Essa dissonância entre saber que vive num lugar cheio de violência e não se achar violento é garantia de fracasso em qualquer tentativa de mudar a sociedade tupiniquim. Nem mesmo as religiões estão ajudando: o discurso que mais vende atualmente é o de ficar rico, não de ser uma pessoa mais pacífica e tolerante. E tem mais, mesmo que o Brasil tenha facções criminosas enormes, primeiro que não são feitas de japoneses ou holandeses, são todos brasileiros; e segundo que elas não explicam as milhares de mortes por briga em bar, trânsito e crimes passionais que lotam nossas páginas policiais.

Quem acha que não é violento se sente justificado ao ser violento. Afinal, se você não é de fazer isso normalmente, a fúria momentânea só pode ter sido provocada por algo muito fora do padrão, né? A pessoa agride e depois fica cheia de justificativas para se convencer que foi obrigada a isso, que não tinha outra escolha. Quase sempre você tem uma escolha pela não violência. Ela é mais difícil de bancar no começo, mas a sua chance de morrer à toa por causa de um brasileiro ainda mais babuíno que você desaba.

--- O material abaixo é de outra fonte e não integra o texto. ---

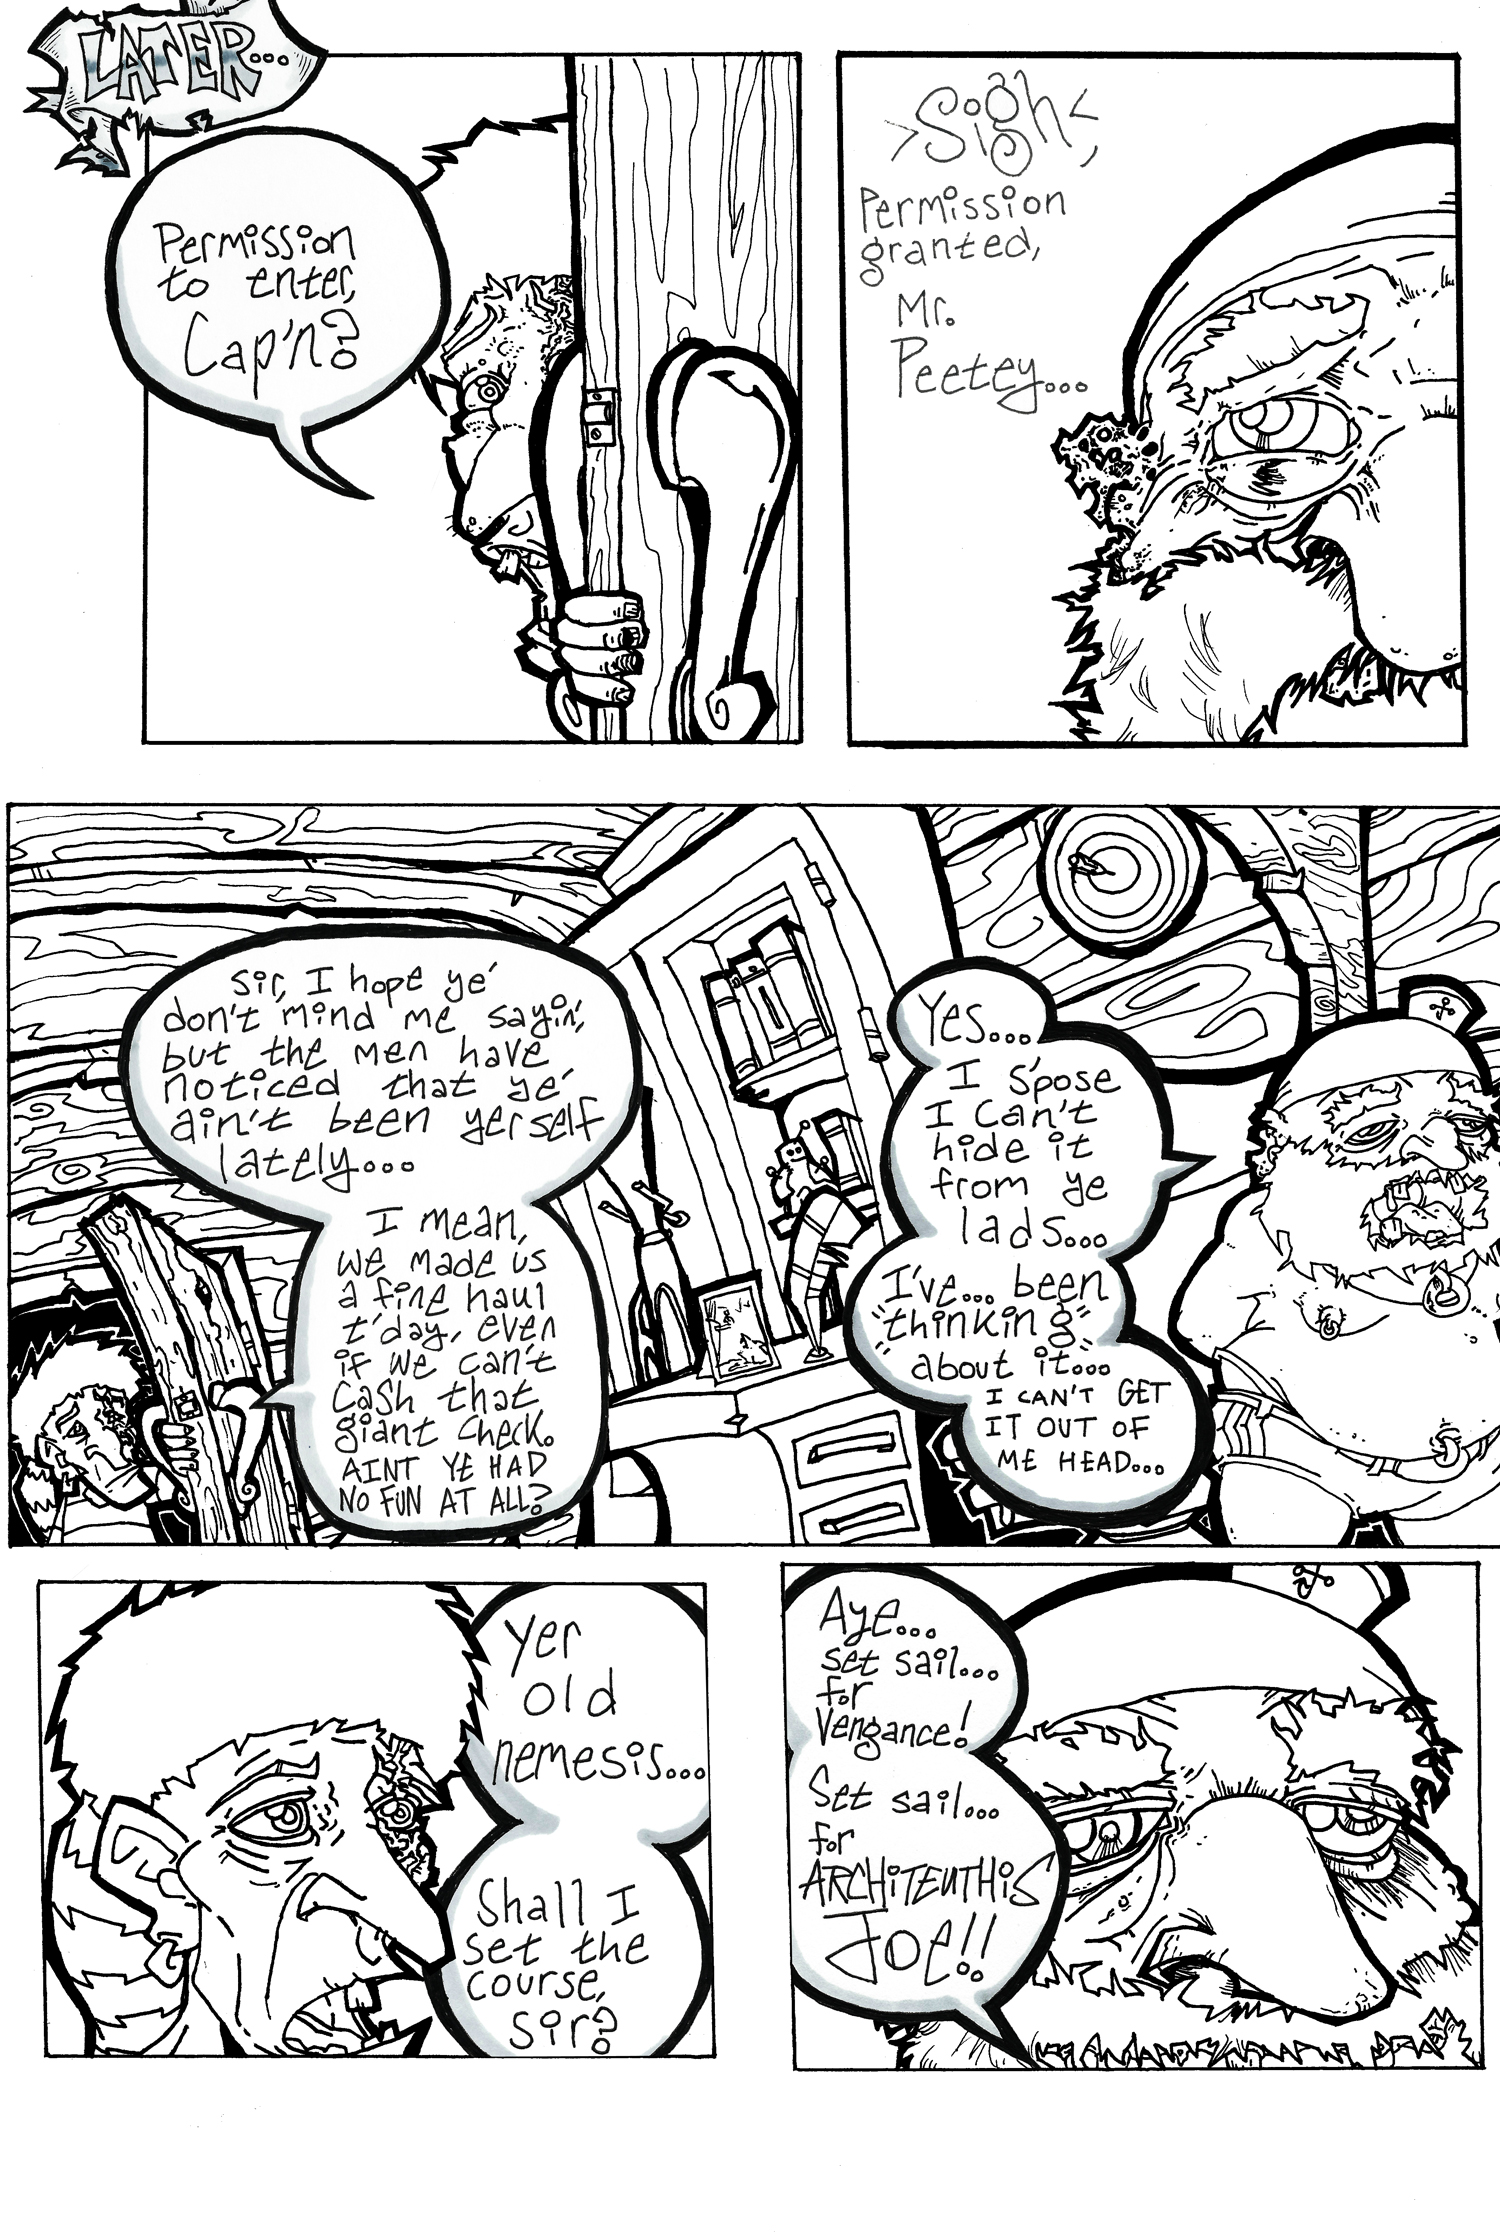 ish2 3 fantastic crap comics archieteuthis joe cryptozoology horror fantastic crap comics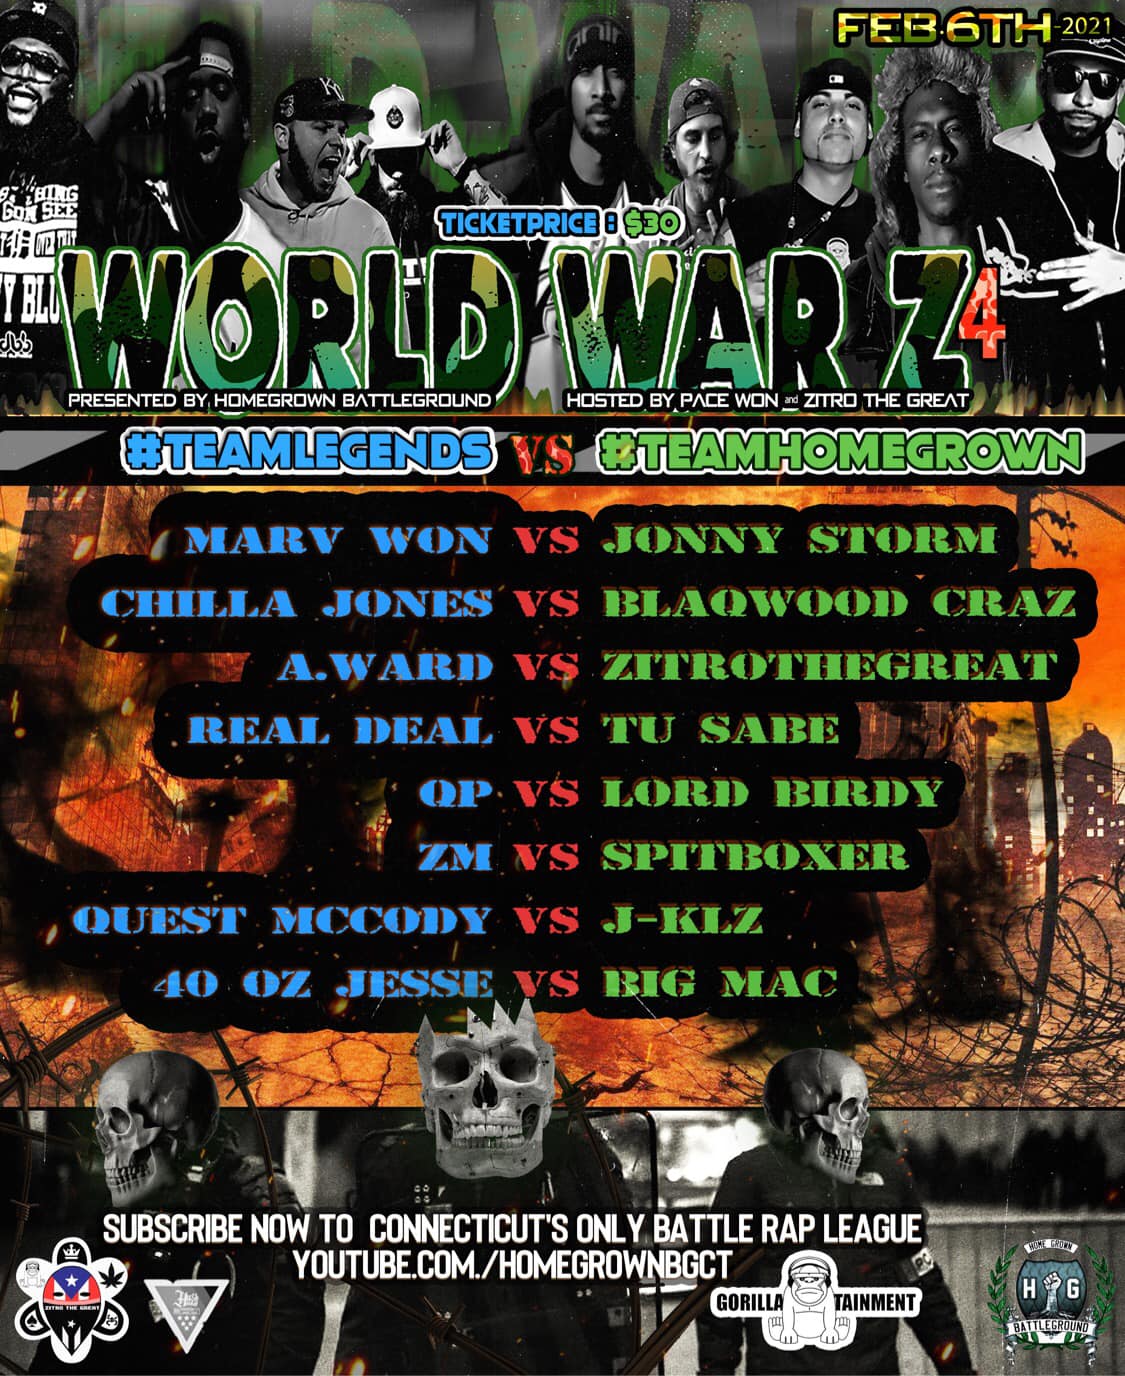 World War Z 4 Home Grown Battle Ground Battle Rap Event Versetracker

É importante lidarmos com o fato de que vivemos numa sociedade muito violenta e que isso nos impacta. Que agressividade é vista como algo positivo e vivemos vendo casos de reforço positivo por causa desse comportamento. Você corre um sério risco de ser muito mais violento do que deveria ser, e nunca perceber como isso está errado porque se compara com gente completamente incapaz de viver em sociedade e também porque gostemos ou não, num país onde todo mundo quer falar grosso, quando você faz isso ganha respeito.

O ambiente incutiu em todos nós brasileiros a ideia de que violência e agressividade são mais eficientes do que realmente são. É um vírus que se espalha pelo ar, mas que não dá sintomas óbvios até você estar macaqueando pelo motivo mais desnecessário possível. E quando acontece, se você não estiver atento, corre o risco de achar que não exagerou e que era assim que deveria resolver as coisas mesmo. Numa sociedade brutalizada, você ganha disputas de agressividade mais ou menos como um cachorro ganha do outro rosnando mais alto. O brasileiro respeita até demais quem é mais “bravo” que ele, a pessoa honestamente aceita a dominância e fica um amor com você.

Tem reforço positivo demais em ser violento no Brasil e tem uma ilusão bizarra que somos o estereótipo internacional de mulata inocente que dança na praia ao invés de um dos povos que mais mata, agride, estupra e tortura no mundo. O número altíssimo de assassinatos não é algo que caiu de paraquedas aqui, é resultado direto da índole violenta do povo.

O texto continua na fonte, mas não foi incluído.